**Excerpts from a dataset:**
------------------------------------------------------------------------
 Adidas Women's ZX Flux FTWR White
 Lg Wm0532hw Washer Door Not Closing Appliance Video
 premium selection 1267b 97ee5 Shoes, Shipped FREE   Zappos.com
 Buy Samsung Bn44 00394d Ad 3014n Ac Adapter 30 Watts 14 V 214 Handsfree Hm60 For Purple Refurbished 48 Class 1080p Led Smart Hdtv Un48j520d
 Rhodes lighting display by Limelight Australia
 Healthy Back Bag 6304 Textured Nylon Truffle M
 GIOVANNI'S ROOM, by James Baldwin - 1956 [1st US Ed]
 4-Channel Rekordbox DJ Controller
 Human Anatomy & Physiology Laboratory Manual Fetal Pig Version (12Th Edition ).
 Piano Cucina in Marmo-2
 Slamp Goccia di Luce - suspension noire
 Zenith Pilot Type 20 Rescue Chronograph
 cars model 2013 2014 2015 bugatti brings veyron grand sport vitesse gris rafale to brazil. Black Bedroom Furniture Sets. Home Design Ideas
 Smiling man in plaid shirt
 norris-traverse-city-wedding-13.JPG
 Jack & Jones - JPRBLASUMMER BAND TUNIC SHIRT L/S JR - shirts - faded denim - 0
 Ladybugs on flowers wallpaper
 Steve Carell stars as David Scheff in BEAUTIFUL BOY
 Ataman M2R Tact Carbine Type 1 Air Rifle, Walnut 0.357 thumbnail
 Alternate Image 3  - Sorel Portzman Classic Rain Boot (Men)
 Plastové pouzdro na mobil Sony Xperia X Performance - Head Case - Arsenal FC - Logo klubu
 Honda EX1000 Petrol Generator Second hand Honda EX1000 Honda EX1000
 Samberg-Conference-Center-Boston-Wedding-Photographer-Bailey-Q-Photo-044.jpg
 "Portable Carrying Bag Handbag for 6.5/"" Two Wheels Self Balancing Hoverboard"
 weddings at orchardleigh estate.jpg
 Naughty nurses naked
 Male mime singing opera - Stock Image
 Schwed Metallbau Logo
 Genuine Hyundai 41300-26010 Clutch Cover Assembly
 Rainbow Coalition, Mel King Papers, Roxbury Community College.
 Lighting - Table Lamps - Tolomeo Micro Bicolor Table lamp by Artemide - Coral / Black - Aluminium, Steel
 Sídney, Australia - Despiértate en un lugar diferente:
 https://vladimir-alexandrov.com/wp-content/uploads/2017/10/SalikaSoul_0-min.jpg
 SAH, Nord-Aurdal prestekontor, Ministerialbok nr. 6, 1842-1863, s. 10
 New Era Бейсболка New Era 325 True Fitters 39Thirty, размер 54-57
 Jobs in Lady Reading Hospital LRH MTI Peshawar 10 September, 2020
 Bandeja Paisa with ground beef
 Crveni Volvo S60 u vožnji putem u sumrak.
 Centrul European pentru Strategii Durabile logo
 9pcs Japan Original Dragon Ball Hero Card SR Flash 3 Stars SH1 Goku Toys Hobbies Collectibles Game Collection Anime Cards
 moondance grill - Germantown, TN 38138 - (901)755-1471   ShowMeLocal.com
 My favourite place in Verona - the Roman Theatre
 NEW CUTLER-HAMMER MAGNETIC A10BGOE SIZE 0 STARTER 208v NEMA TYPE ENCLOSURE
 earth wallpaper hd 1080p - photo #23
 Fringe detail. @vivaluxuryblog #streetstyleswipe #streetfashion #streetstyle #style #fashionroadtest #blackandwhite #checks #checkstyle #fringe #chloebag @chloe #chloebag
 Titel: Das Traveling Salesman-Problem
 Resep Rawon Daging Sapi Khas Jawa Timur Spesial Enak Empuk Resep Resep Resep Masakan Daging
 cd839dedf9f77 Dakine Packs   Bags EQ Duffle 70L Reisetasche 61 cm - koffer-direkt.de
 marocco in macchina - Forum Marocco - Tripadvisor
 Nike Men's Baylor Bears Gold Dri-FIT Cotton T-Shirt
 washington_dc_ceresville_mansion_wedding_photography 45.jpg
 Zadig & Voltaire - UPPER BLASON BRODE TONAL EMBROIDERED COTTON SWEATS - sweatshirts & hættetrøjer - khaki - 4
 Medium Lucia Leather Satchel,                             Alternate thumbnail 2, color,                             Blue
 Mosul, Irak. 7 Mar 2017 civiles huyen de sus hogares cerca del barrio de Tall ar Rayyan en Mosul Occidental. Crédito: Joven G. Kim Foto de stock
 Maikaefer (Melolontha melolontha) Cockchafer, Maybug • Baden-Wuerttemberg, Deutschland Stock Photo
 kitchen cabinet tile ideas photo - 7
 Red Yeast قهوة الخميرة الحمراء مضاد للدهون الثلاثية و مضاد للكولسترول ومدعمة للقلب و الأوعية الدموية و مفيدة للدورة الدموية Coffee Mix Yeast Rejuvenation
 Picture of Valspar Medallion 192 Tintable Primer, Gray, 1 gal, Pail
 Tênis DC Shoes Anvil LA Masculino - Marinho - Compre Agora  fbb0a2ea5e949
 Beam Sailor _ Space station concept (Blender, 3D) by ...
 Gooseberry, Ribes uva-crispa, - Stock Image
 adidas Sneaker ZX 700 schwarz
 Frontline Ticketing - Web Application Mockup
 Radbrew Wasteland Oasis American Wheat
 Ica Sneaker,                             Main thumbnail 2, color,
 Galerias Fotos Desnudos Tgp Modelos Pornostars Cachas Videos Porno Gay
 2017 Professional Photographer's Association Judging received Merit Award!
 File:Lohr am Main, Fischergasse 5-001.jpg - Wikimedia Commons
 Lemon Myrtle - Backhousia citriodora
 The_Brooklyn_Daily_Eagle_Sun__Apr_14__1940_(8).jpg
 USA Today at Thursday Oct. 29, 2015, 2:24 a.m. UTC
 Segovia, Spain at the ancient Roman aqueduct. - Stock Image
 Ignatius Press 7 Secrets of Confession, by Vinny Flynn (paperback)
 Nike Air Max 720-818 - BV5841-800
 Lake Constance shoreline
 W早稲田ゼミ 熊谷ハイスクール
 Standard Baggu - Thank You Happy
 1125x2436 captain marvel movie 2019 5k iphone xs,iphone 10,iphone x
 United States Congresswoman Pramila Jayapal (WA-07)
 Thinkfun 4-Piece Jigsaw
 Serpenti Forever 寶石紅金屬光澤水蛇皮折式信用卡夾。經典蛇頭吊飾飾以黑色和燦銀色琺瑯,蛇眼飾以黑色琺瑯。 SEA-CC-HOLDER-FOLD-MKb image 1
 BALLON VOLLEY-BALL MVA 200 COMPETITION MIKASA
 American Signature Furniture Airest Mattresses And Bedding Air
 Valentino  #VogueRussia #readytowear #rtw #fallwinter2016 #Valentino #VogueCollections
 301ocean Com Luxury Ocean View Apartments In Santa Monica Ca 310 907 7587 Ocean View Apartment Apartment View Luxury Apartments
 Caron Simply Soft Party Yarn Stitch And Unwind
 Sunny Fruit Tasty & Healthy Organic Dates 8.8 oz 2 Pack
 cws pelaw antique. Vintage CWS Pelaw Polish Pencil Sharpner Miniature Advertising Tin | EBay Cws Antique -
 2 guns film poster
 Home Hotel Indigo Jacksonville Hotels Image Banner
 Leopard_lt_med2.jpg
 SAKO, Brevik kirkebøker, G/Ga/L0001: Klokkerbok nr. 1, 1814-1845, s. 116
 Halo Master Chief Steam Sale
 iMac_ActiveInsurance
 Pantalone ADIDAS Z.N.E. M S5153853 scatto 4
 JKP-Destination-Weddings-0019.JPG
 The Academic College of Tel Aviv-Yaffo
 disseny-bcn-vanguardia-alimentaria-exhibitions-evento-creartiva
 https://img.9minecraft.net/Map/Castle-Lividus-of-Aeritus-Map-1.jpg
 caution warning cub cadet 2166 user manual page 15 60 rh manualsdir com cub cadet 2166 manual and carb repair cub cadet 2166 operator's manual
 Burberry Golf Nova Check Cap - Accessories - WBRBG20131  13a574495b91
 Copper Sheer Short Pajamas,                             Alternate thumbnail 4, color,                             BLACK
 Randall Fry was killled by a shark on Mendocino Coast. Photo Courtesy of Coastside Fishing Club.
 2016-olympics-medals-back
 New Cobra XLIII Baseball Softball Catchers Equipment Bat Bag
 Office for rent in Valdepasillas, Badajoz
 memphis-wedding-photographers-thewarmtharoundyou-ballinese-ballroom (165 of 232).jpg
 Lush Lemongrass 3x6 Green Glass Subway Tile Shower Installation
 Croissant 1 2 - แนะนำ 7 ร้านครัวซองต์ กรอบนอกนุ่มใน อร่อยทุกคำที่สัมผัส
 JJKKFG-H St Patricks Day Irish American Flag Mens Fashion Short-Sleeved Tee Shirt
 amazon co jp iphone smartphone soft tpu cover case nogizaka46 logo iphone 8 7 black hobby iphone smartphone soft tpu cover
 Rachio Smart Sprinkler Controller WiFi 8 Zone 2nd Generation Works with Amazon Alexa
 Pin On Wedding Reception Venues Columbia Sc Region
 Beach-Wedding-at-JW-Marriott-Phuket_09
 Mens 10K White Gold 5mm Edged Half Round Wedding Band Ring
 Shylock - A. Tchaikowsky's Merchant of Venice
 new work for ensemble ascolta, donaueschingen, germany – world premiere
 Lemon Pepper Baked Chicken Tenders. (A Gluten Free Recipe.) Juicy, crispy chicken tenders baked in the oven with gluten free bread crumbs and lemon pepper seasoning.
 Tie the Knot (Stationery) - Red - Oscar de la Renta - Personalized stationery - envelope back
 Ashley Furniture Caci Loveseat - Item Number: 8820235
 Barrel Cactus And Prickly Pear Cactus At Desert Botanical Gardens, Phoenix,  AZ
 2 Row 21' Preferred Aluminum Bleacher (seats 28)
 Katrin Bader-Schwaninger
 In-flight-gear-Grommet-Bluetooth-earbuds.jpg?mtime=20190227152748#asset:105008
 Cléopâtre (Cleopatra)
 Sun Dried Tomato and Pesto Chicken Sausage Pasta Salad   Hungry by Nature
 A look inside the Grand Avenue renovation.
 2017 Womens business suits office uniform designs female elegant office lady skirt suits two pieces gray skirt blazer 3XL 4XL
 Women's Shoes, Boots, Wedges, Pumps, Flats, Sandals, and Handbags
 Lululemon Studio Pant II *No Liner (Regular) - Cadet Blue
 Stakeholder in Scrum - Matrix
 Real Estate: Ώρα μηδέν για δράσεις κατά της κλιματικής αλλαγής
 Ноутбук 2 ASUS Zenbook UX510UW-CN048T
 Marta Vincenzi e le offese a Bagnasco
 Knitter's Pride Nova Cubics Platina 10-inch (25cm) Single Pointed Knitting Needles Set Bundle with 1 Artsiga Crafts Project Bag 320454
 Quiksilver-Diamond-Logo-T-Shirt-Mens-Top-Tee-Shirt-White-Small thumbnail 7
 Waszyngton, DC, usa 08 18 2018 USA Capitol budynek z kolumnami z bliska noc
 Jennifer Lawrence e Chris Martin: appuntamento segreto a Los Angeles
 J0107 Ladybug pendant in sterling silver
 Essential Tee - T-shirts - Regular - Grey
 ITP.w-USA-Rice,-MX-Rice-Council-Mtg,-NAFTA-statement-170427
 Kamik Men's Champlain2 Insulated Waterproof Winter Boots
------------------------------------------------------------------------
**Task details:** Output the lines above between the one holding "Rainbow Coalition, Mel" and the one holding "Sídney, Australia - Despiértate", inclusive, with nothing before or after them.

**Written solution:**
 Rainbow Coalition, Mel King Papers, Roxbury Community College.
 Lighting - Table Lamps - Tolomeo Micro Bicolor Table lamp by Artemide - Coral / Black - Aluminium, Steel
 Sídney, Australia - Despiértate en un lugar diferente:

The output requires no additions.